The technical bit: Larger engines and bulk mean on average SUVs have CO2 emissions 14% (16g/km) higher than an equivalent hatchback model. Every 1% market shift toward SUVs increases CO2 emissions by 0.15g CO2/km on average.
A 2018 Committee on Climate Change report noted that “the popularity of SUVs is cancelling out emissions savings from improvements in technology”.

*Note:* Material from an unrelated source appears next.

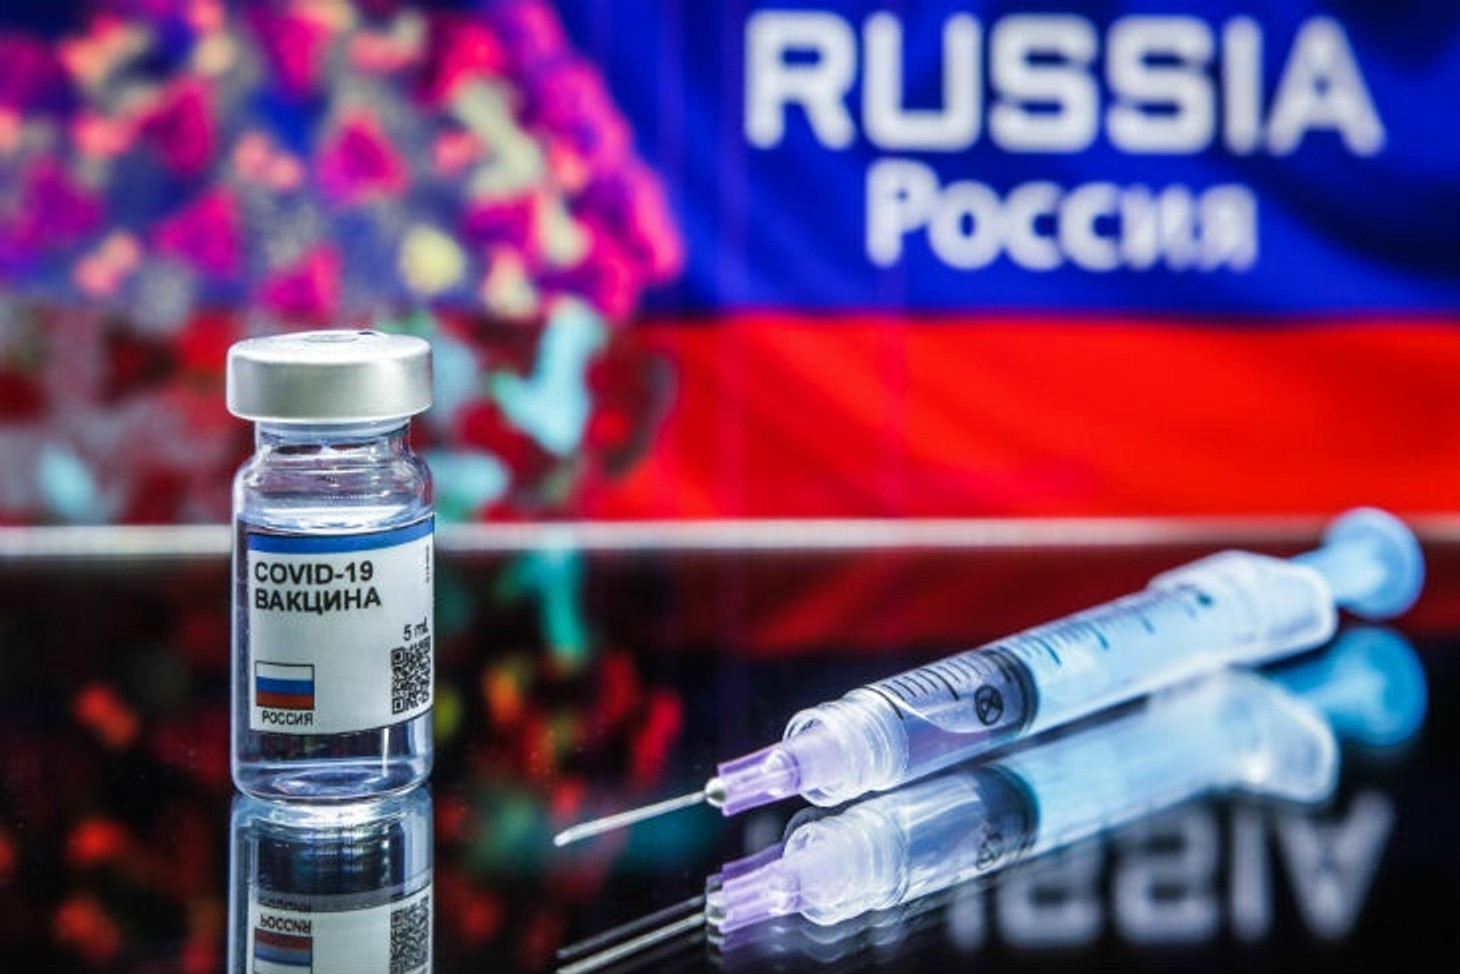 Більше 100 тисяч росіян щеплено вакциною від коронавируса «Супутник V» - МОЗ
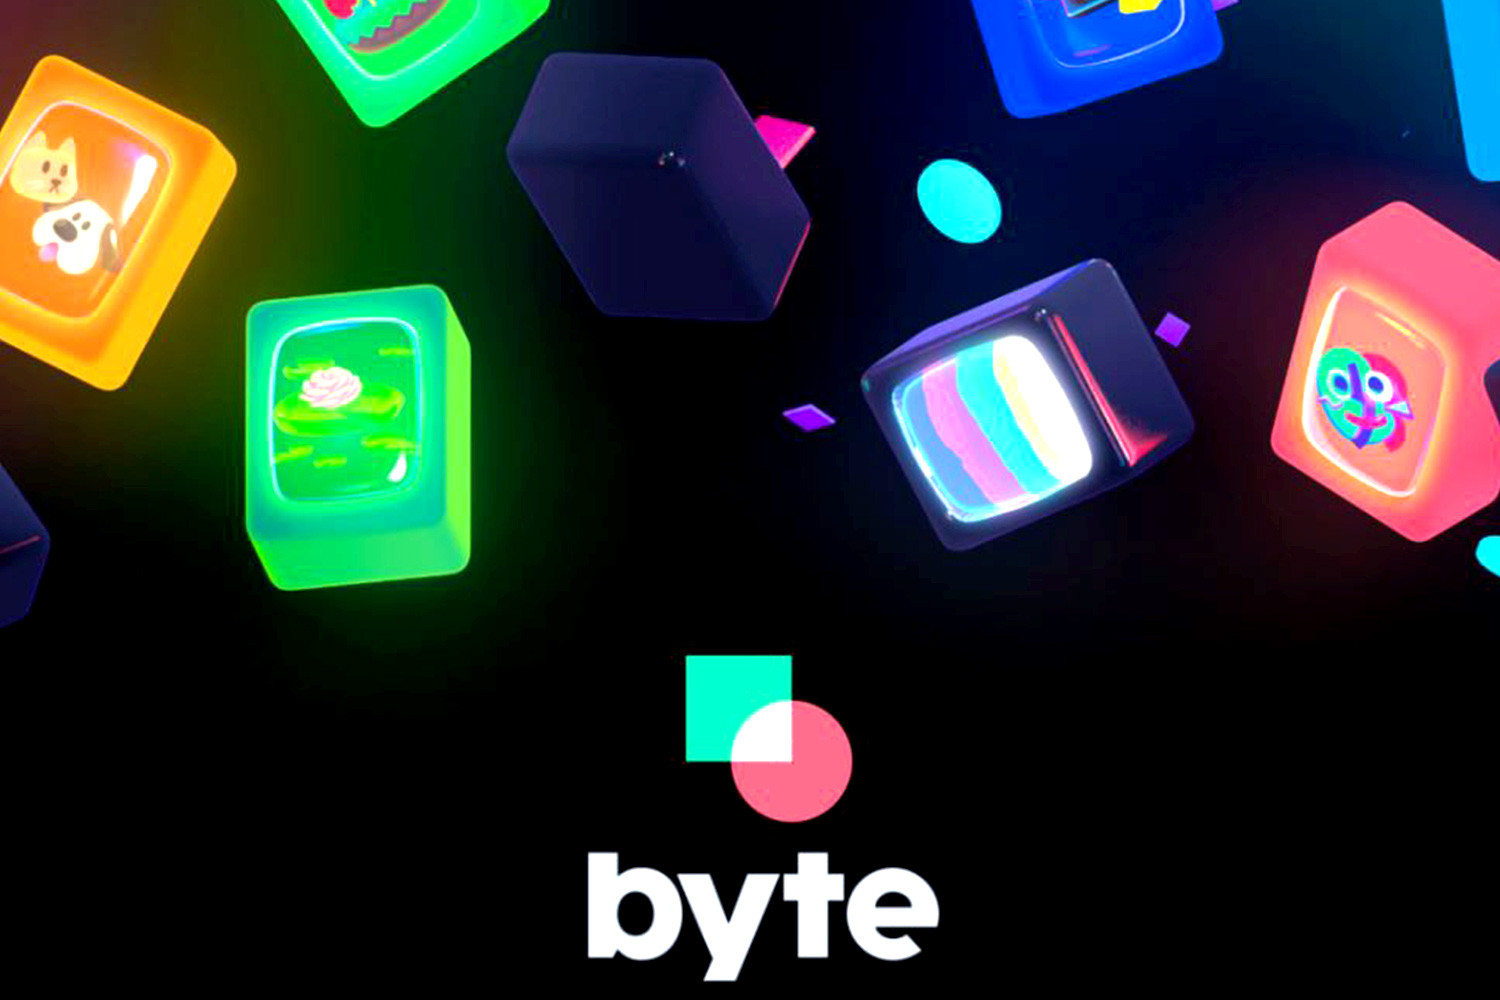   Byte là một ứng dụng mới được thiết kế để thay thế khoảng trống còn lại của Vine

So, there you have it. Think smart and downsize or go electric.
GROUSEY’S FOOTWELL FINDS
Destroying your engine
I spotted a newspaper article about a Volvo owner driving from Scotland to London only to destroy his engine when the timing belt broke. After fixing the car there was a dispute over who should pay for the repair – a new engine – but what caught my attention is the number of cases where timing belts snap and engines are ruined. The belts are supposed to last a lifetime but often fail early. Is this another case of manufacturers hoping the car is out of warranty, rather than improving the quality of a critical part of it? Probably.
Minimising the Mini
Today’s Mini hardly warrants the name of the original. Yes, it’s a superior vehicle in so many ways to the pioneering design of Sir Alec Issigonis, but is as big as my smallest SUV, rendering ‘Mini’ a maxi. However, BMW is plans to reduce the size of its core three-door hatchback model when it enters its fourth generation still under BMW ownership, the company that managed to make the car profitable. Quite how BMW will accomplish that is another question. Reducing length is possible the only way to do it. The fourth generation BMW Mini range, due in 2022 or 2023, is also set to ‘expand’ to include a new compact crossover model. The electric version is here already. I like it a lot, but am waiting to see Honda’s more innovative city car out soon.
Cheap electric cars
Whisper, so not too many people hear it – used five-year-old electric cars are one of the best vehicle purchases you can make, whatever your environmental credentials. It makes sense if you are one of the millions of people who use their car most days. Long considered way out of the price range of normal car buyers, good quality electric cars are hitting the used market for less than £7,000. Nissan Leafs, which cost £30,000 (after grants) eight years ago, are now £5,700 with about 60,000 miles on the clock. But what is mileage on an electric car? What parts wear out? A Renault Zoe, with a leased battery and with fewer miles on the clock, starts at about £6,500. Environmentally friendly cars cost a few pounds a week to run – attractive knowing petrol costs £1.30 a litre and diesel averages £1.36 and with the mess in the Middle East fuel will get dearer.